Celebrity endorsers moderate the relationship between the consumer and the brand by personifying the brand to match the perceptions of the consumer. Using a celebrity endorser can build a relationship between consumers and a brand because endorsers can represent similarities between themselves and the consumer, and themselves and the brand. Celebrities make marketing tactics more convincing and marketing communications more effective.

For example, a celebrity may be influential to a Generation Y consumer because that generation views them as likeable, real, and beautiful. In order for celebrity endorsers to effectively reach the audience, they must connect and identify with the audience. The use of a popular celebrity endorser could personalize the brand for the consumer and create the relationship between the consumer and the brand. To ensure endorsement is successful, the celebrity should match the brand and the consumer. The effect of using a celebrity endorser that consumers look up to and want to emulate can lead to increased congruence between the values of the consumers and the brand, and improve the relationship between the two.

Industrial markets

In industrial markets, organizations regard "heavy users" as "major accounts" to be handled by senior sales personnel and even managers; whereas "light users" may be handled by the general sales force or by a dealer.

Portfolios of brands

Andrew Ehrenberg, then of the London Business School said that consumers buy "portfolios of brands." They switch regularly between brands, often because they simply want a change. Thus, "brand penetration" or "brand share" reflects only a statistical chance that customers will buy that brand next time as part of a portfolio of brands they prefer. It does not guarantee that they will stay loyal.
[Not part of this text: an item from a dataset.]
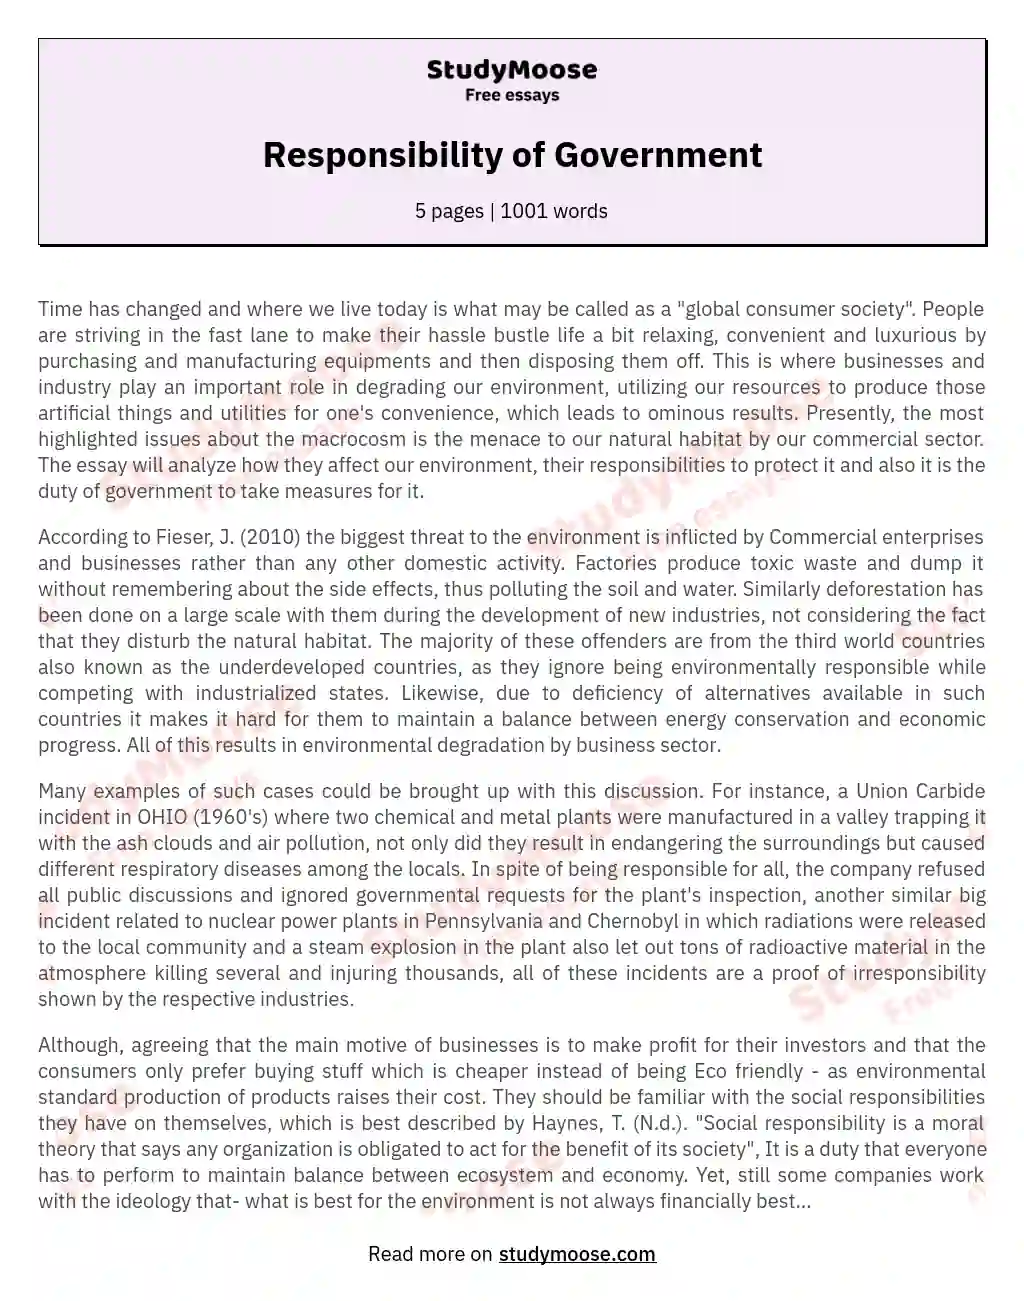 essay on the responsibility of government

Influencing the statistical probabilities facing a consumer choosing from a portfolio of preferred brands, which is required in this context, is a very different role for a brand manager; compared with the much simpler one, traditionally described, of recruiting and holding dedicated customers. The concept also emphasizes the need for managing continuity.

Issues

After brands are well established and have a decent flow of consumers, problems may arise such as slips in product quality or in safety of products, or lack of customer care. Such problems can be detrimental to a brand that has become too confident. Many brands continue to get away with scandals, and it does not affect their image in any way. For example, the Coca-Cola brand scandals including murders in Colombia, crimes in India, and various health dangers; all of which relate back to the company name. Yet the power of the Coca-Cola brand puts it at the top of its field. The reputation of such a massive organization is hard to dent with the powerful distribution rights and funds to create some of the best ad campaigns.

Stability

Many markets exhibit overall stability, or "marketing inertia." In their essential characteristics they change very slowly, over decades or even centuries rather than over months.

This stability has two implications: The first is that those who are brand leaders are especially well placed in relation to their competitors and should want to further the inertia that reinforces the stability of that position. This, however, still demands minor changes to keep up with marginal changes in consumer taste (which may be minor to the theorist but will still be crucial in terms of those consumers' purchasing patterns as markets do not favor the over-complacent). These minor investments are a small price to pay for the long term profits that brand leaders usually enjoy.

The second, and more important, is that someone who wishes to overturn this stability and change the market (or significantly improve their position in it) must expect to make massive investments in order to succeed. Even though stability is the natural state of some markets, sudden changes can still occur.